Given the two files a and B, each of them Stores 5 billion URLs. each url occupies 64 bytes and the memory limit is 4 GB. how can we find the common URLs of files a and B ?, 5 billion 4g_PHP tutorial

Source: Internet
Author: User
Given the two files a and B, each of them Stores 5 billion URLs. each url occupies 64 bytes and the memory limit is 4 GB. how can we find the common URLs of files a and B ?, 5 billion 4g. Given the two files a and B, each of them Stores 5 billion URLs. each url occupies 64 bytes and the memory limit is 4 GB. how can we find the common URLs of files a and B ?, The size of each 5 billion GB file can be estimated to be a given a and B files, each storing 5 billion URLs, each occupying 64 bytes, with a memory limit of 4 GB, how can I find the common URLs of files a and B ?, 5 billion 4g

It can be estimated that the size of each file is 5G * 64 = 300G, much larger than 4G. Therefore, it is impossible to fully load it into the memory for processing. Consider a divide-and-conquer approach.
Traverse file a, obtain hash (url) % 1000 for each url, and store the url to 1000 small files (set to a0, a1 ,... a999. In this way, the size of each small file is about 300 MB. Traverse file B and store the url to 1000 small files (b0, b1. .. b999) in the same way as. After such processing, all the URLs that may be the same are stored in the corresponding small File (a0 vs b0, a1 vs b1 .... in a999 vs b999), non-corresponding small files (such as a0 vs b99) cannot have the same url. Then we only need to find the same url in the 1000 pairs of small files.
For example, for a0 vs b0, we can traverse a0 and store the url in hash_map. Then traverse b0. if the url is in hash_map, it indicates that this url exists in both a and B. save it to the file.
If the split into small files is uneven, and some small files are too large (such as larger than 2 GB), you can consider dividing these large small files into small files in a similar way.

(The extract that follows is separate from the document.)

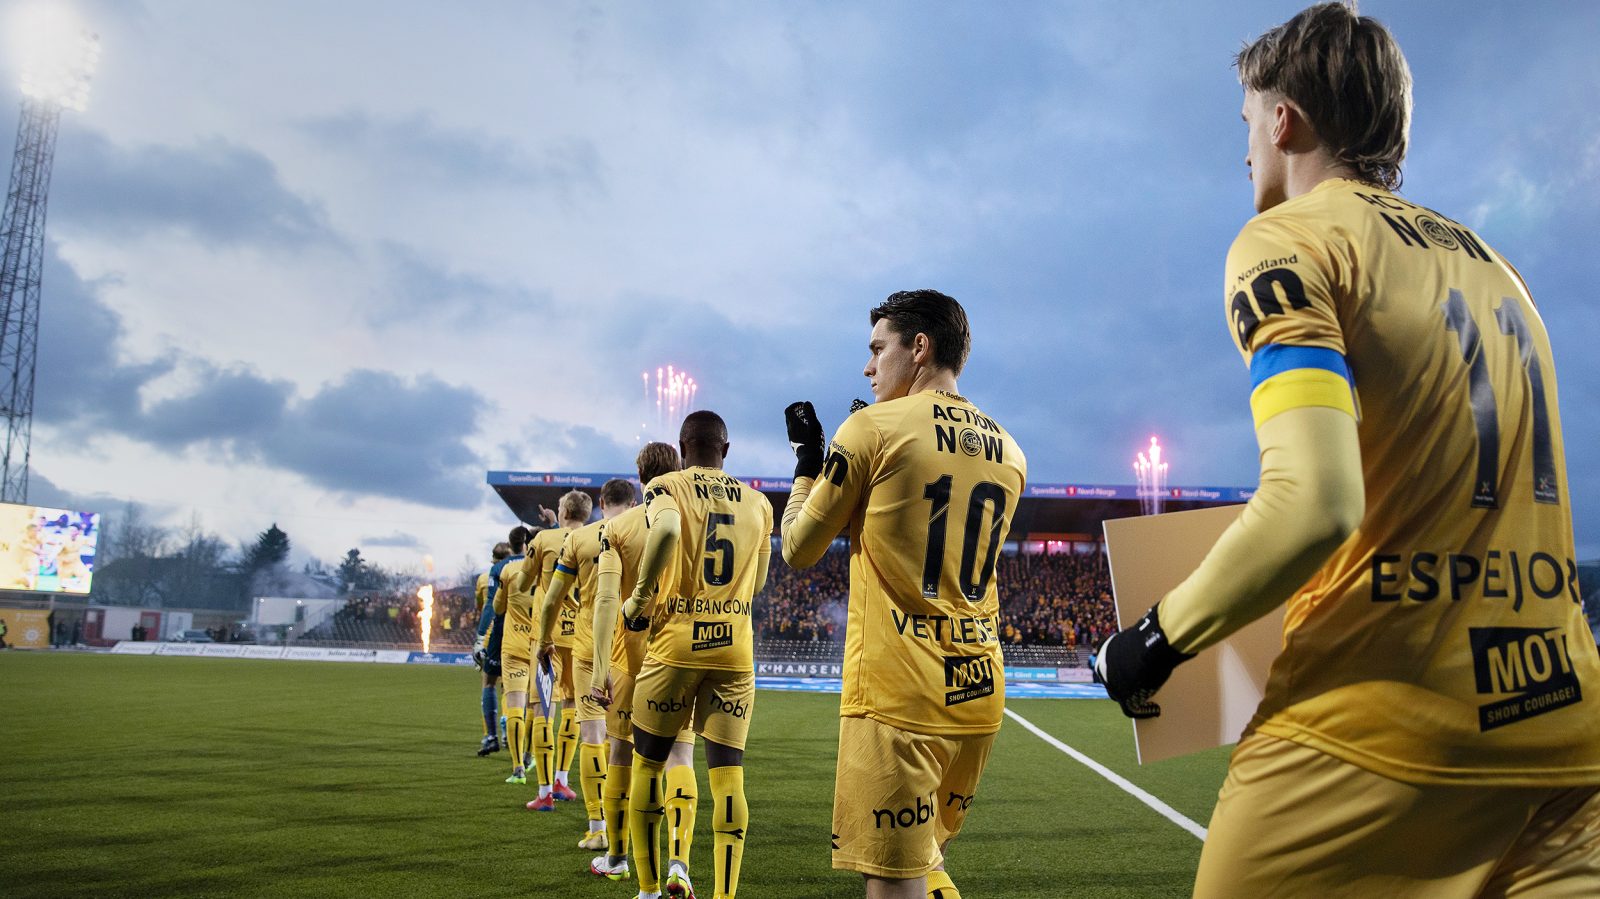 Inmarsch inför Bodø/Glimt mot Rosenborg i den norska premiären

What did Baidu interviewer ask yesterday to study today?

Why ?, The size of each file is estimated to be 5 billion GB...

Contact Us

The content source of this page is from Internet, which doesn't represent Alibaba Cloud's opinion; products and services mentioned on that page don't have any relationship with Alibaba Cloud. If the content of the page makes you feel confusing, please write us an email, we will handle the problem within 5 days after receiving your email.

If you find any instances of plagiarism from the community, please send an email to: info-contact@alibabacloud.com and provide relevant evidence. A staff member will contact you within 5 working days.

A Free Trial That Lets You Build Big!

Start building with 50+ products and up to 12 months usage for Elastic Compute Service

  • Sales Support

    1 on 1 presale consultation

  • After-Sales Support

    24/7 Technical Support 6 Free Tickets per Quarter Faster Response

  • Alibaba Cloud offers highly flexible support services tailored to meet your exact needs.